All that, the excitement, the ejection, the long balls, only proved to be diversionary, as the Toronto Blue Jays beat the A’s 6-4 on Saturday, before only 15,817 at the Oakland Coliseum. The Athletics did virtually zilch until the ninth -- for a while they had more errors (two) than hits (one), when at least they rallied enough to get the winning run to first with two outs.

A’s general manager Billy Beane likes his non-playing employees to not to lose their cool -- in other words to be the opposite of the Billy Martins and Earl Weavers. Not much for the TV cameras or journalists seeking inflammatory quotes, but that’s the way it is. And Geren, pleasant, informed, is the way he is.

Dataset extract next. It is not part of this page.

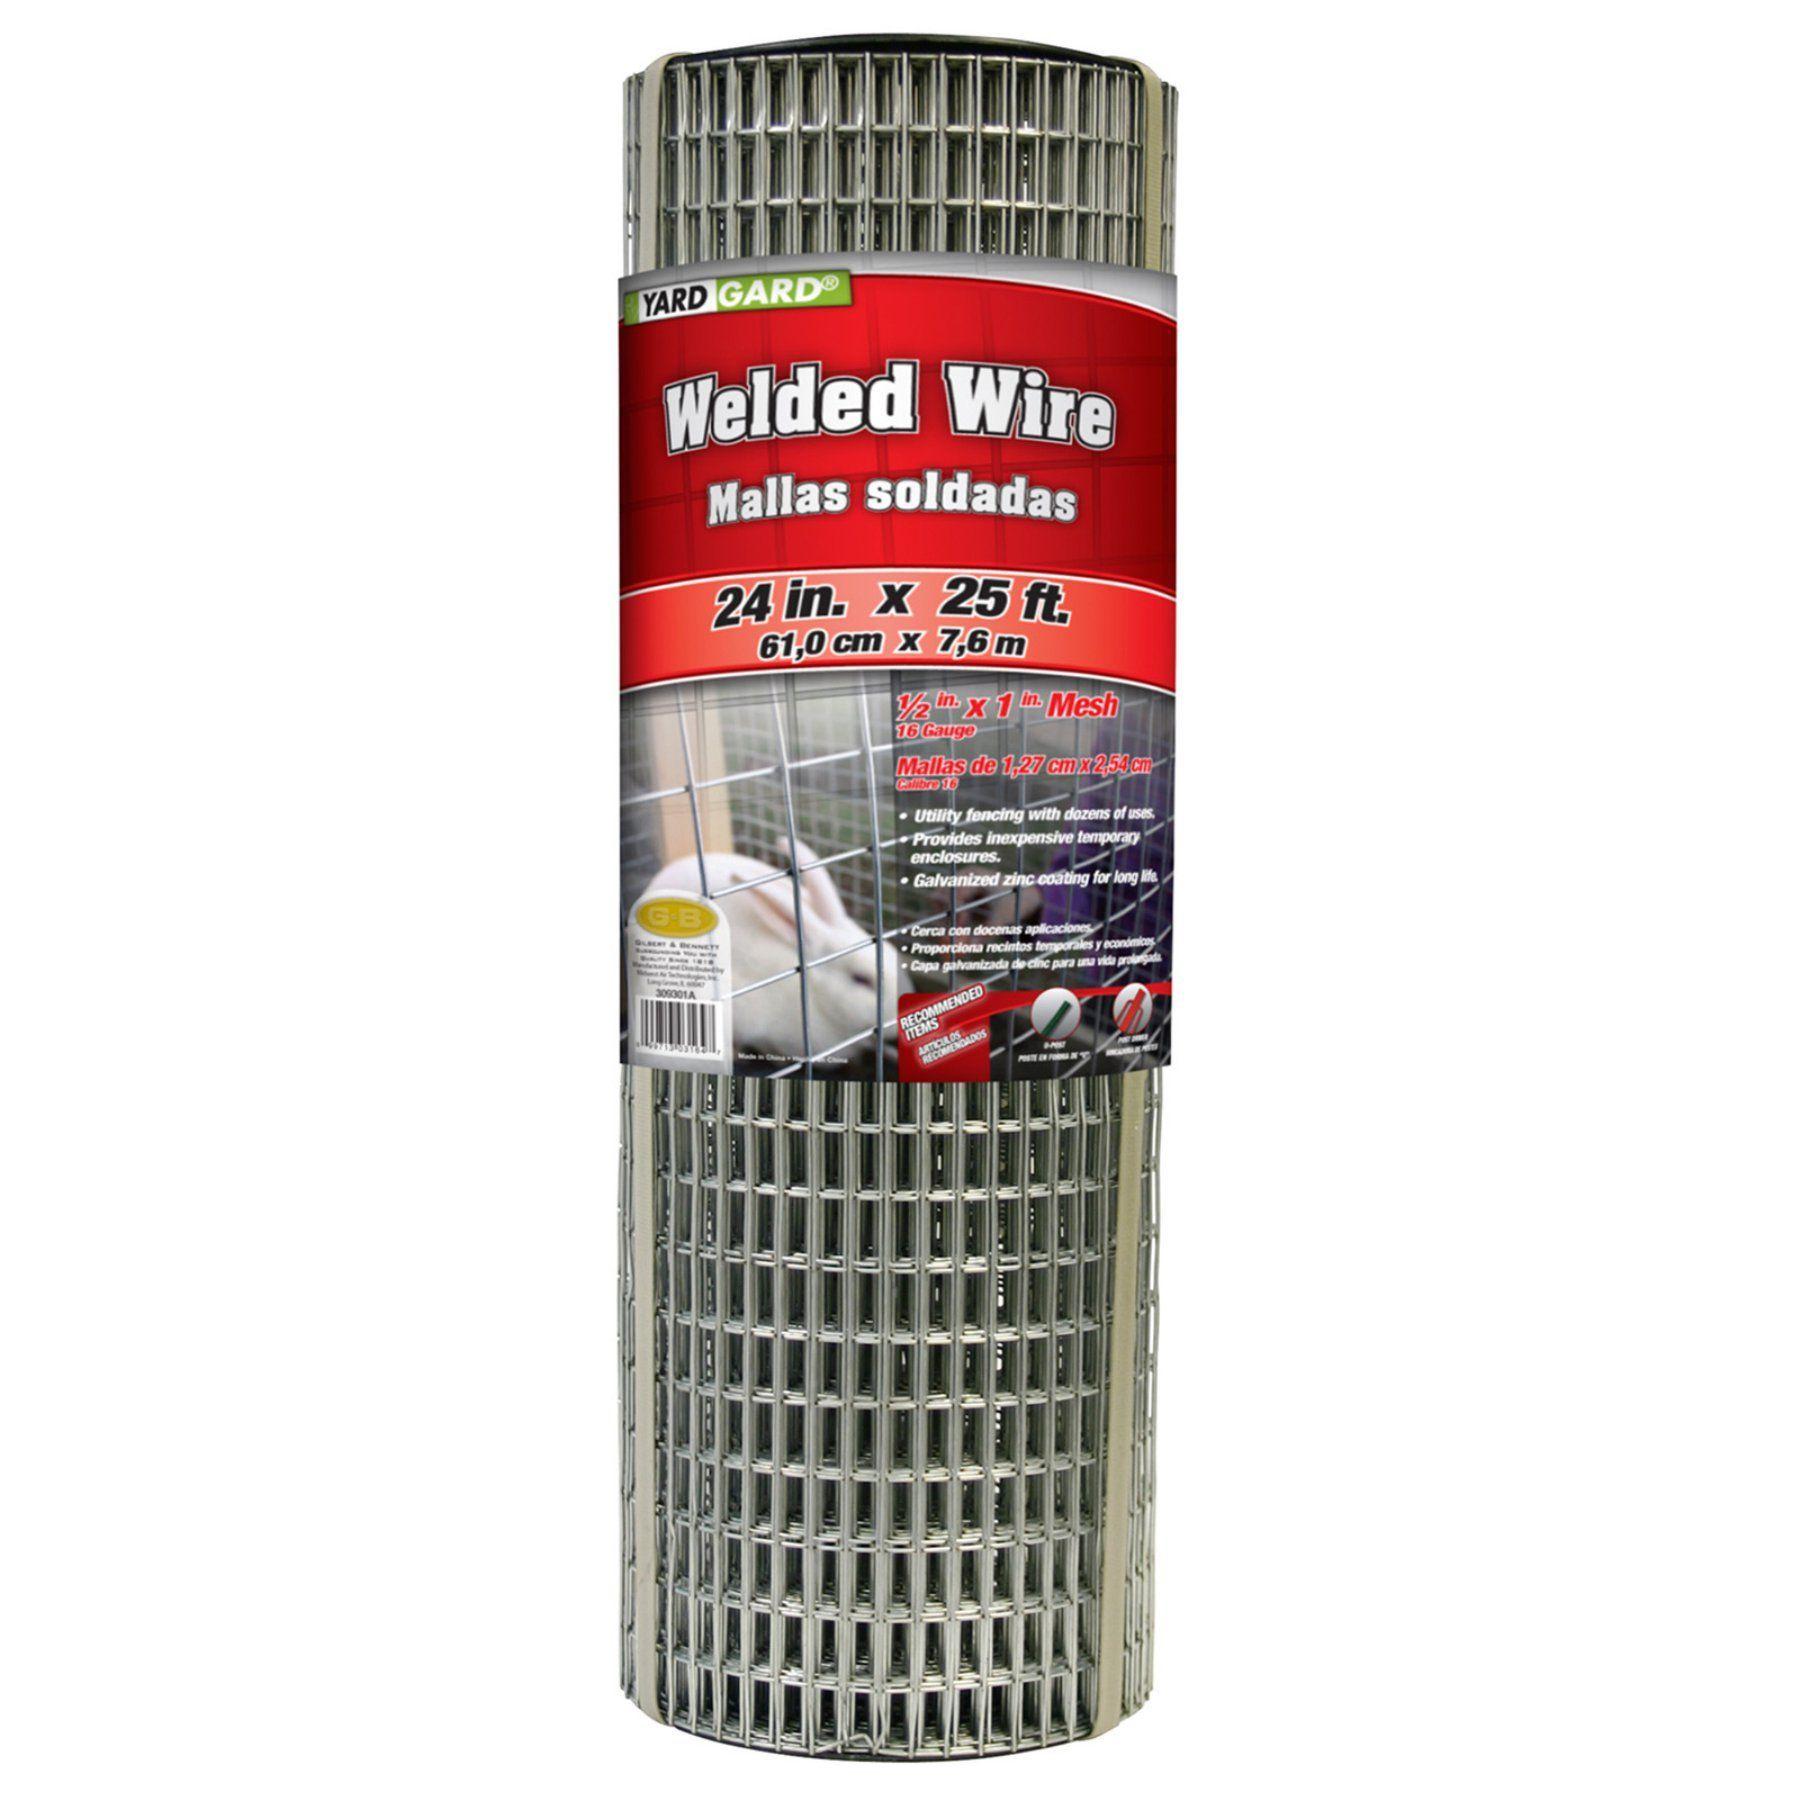 Yard Gard Mesh Galvanized Welded Wire 309301a Basket Lighting Wire Baskets Mesh Fencing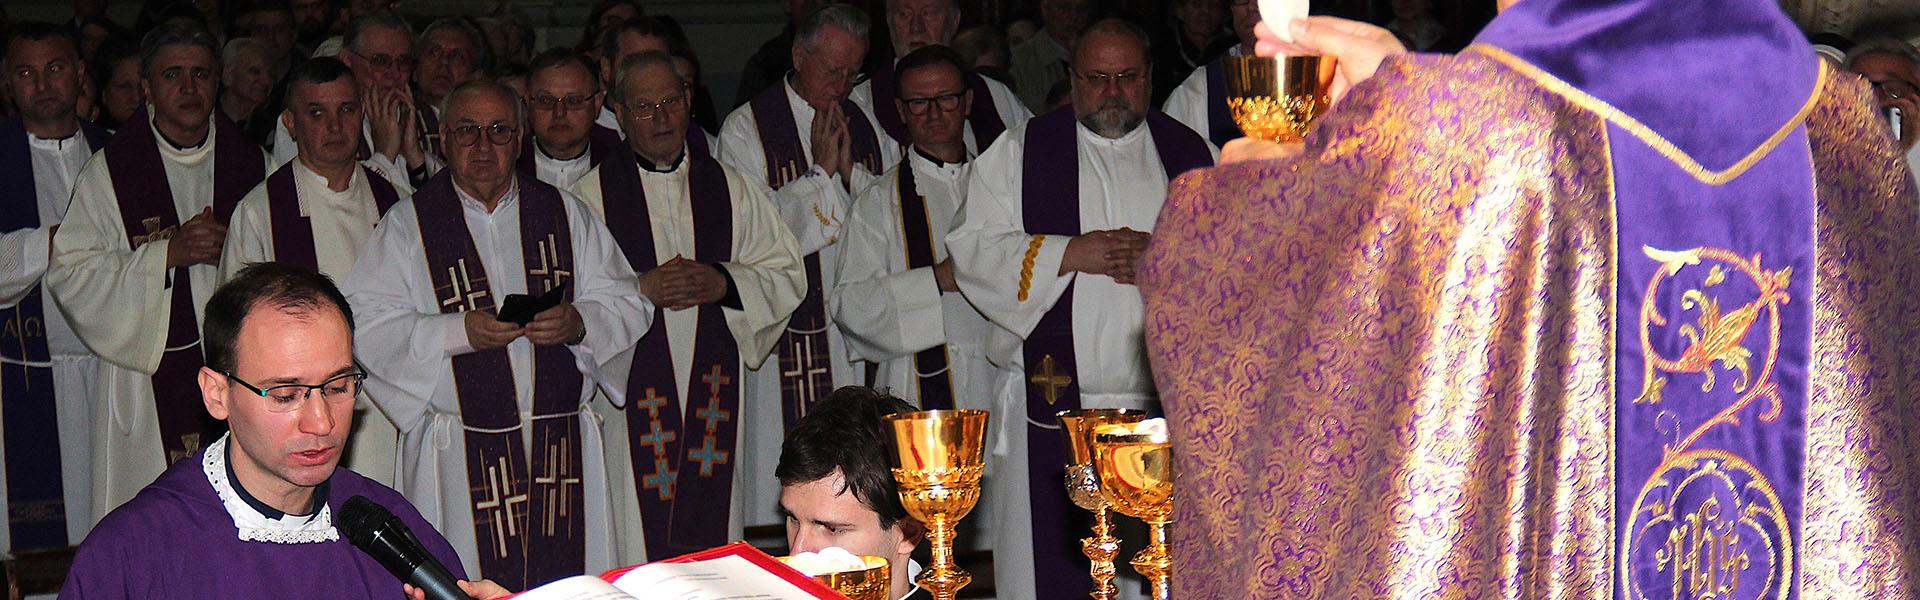 Omelia nella Basilica del Sacro Cuore – Zagabria, 22 marzo 2019

It was the way home plate umpire Paul Nauert was that irritated A’s cleanup batter Matt Holliday, who having been called out on strikes on a questionable pitch in the first was agitated when he was called out on strikes on a questionable pitch in the seventh.

When Holliday started arguing, Geren jogged from the dugout, said something to Nauert and with the ump’s theatrical wave of the arm and thumb was tossed.

“I didn’t really ask for an explanation,’’ Geren would say later. “I just told my part of the call. But you can’t argue balls and strikes. There wasn’t much to it.’’

There’s a great deal to Giambi’s best day since he was signed by Oakland in January with the thought he might bring back some of the magic from 2000 and 2001 before he joined the Yankees. Jason was hitting only .202 and had just one homer in 26 games.

Then, Saturday after a walk and strikeout against Toronto starter Brian Tallet, Giambi homered off Tallet in the seventh and off Scott Downs in the ninth.

“I’m swinging the bat better and better,’’ said Giambi. “I swung it good the other night, but I didn’t get any hits. That’s part of the process. You can’t worry about results. You just have to worry about the ingredients.’’

For some, the worry was that the 38-year-old Giambi had lost bat speed, that after the injuries and the steroid use, he had been down a road too extended and too hard to allow him to recapture the past.

The 399 home runs? “It means I’ve played the game a long time,’’ said Giambi. Indeed, he arrived in the majors in 1995. “I’m hoping to get this team going. That’s what I’m here for, to help lead this team in the right direction.’’

Neither Giambi nor the A’s have succeeded so far. Oakland did have a two-game win streak, after four straight defeats, but against the Jays it was down quickly. Yes, the rally indicated the A’s haven’t quit. But something more than tenacity and hustle are needed when you’re in last place in the American League West.

The A’s wore their awful-looking black jerseys Saturday, and while  laundry never will be as important as the players who wear it, the franchise has too much history to go around looking like the Rays or Marlins. Especially when the Athletics’ home whites are as classy as any baseball attire.

You wouldn’t see the Yankees or Dodgers in black at home (or on the road), so the A’s should dispense with the idea and the jerseys.

What Geren said the rest of us should get rid of is the belief that Giambi still can’t hit a baseball.

“Ever since a week ago in Seattle, when he hit a ball to the opposite field about as far as you can, 420 feet, without leaving the stadium, his swing has been shorter, crisper.

“Reaching 399 home runs is quite a milestone. Just to play in the major leagues 10 years is very hard to accomplish. And he’s averaged a lot of home runs, almost 40 a year. That’s tremendous.’’

Two homers for one man and an ejection for another. Now that’s baseball we haven’t seen from the A’s for a long while.